A few days later on a train to my first television appearance in France I became violently ill. I must have gotten bit by the awful bug that those poor kids had in the airport. It was a long few hours of violent vomiting, unmentionable bowel discomfort and disappointed, nervous, tearful moments in an absolutely disgusting typical European train bathroom with no toilet paper, water or soap. Many discarded sacrificed socks and numerous attempts to “pull it together” later, I emerged from the tragedy, walked off the train into the tv studio and performed like nothing happened…running to the bathroom at every commercial break. I still can’t forget the look on the faces of the make-up artists when I first walked in!

Visual Victoria: What is the hardest thing about being a musician?

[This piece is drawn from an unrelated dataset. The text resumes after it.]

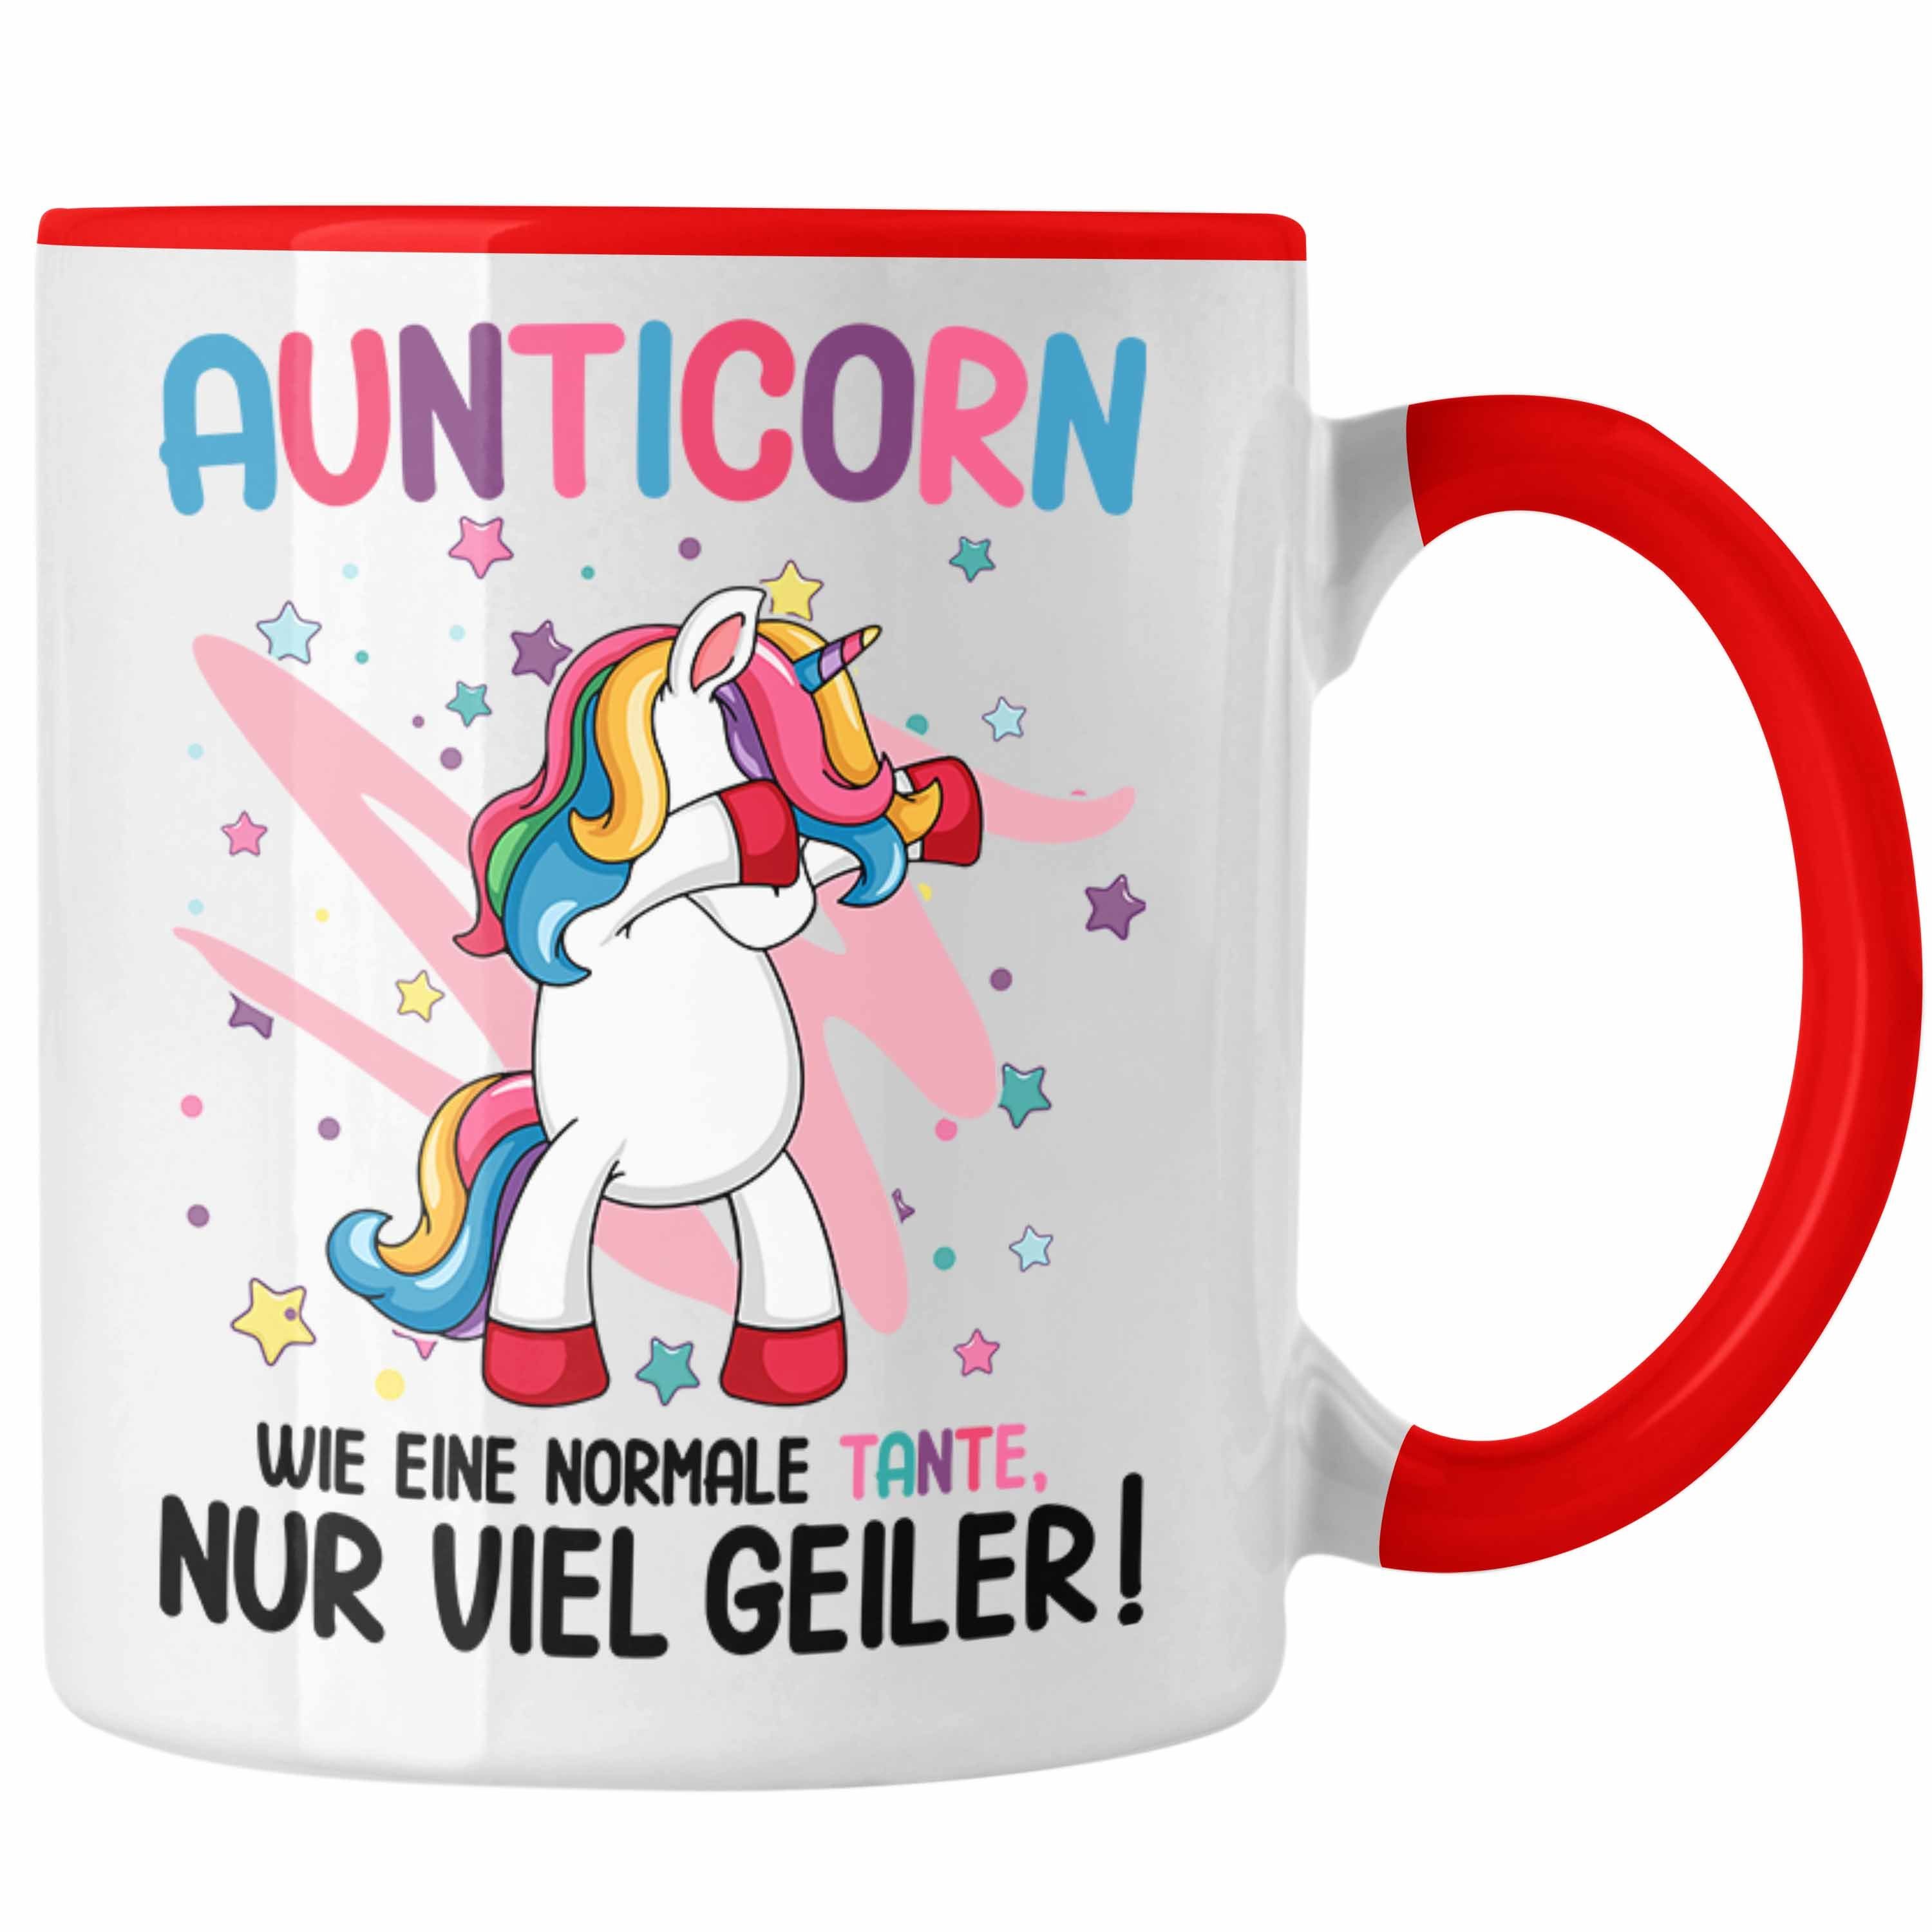 Trendation Tante Beste Aunticorn Tante Geschenk Einhorn Eine Geburtstag Rot Lustig Trendation - Normale Spruch Tasse Wie

Jessica Kilroy: Well, in my opinion, one of the hardest things about being a musician is also one of the most exciting: the constant ebb and flow of the road. The endless movement and long hours of traveling far from home can get to be tiresome and although I’m often surrounded by people, it can sometimes be very lonely. But the moments experienced between shows while in motion can be magical and are always unpredictable and ever changing.

Visual VictoriaWhen did you write your first song? What was it about?

Jessica Kilroy: I’d say I wrote my first “real” song when I was about 13 years old. The song was called “Fade Away” and was about the loss of the old self and the rebirth of the new.

Q: Who has influenced you the most in your musical career?

Jessica Kilroy: The people that have most influenced me are my parents, Joni Mitchell and my high school guitar teacher, Michael Atherton. Faith, struggle and the urgent need to express have also influenced me.

Visual Victoria: While out on the road, what do you miss most about home?

Jessica Kilroy: Silence, stillness and clean, fresh Montana water.

Visual Victoria: If someone wanted to go out on the road and asked you for advice, what would you say?

Jessica Kilroy: Know thyself. The road can be a rough place to be if a person isn’t mentally, emotionally, physically and spiritually prepared. But I encourage all musicians to simply go. It’s easier and less stressful with a plan but there’s no school like experience and no wisdom like making mistakes.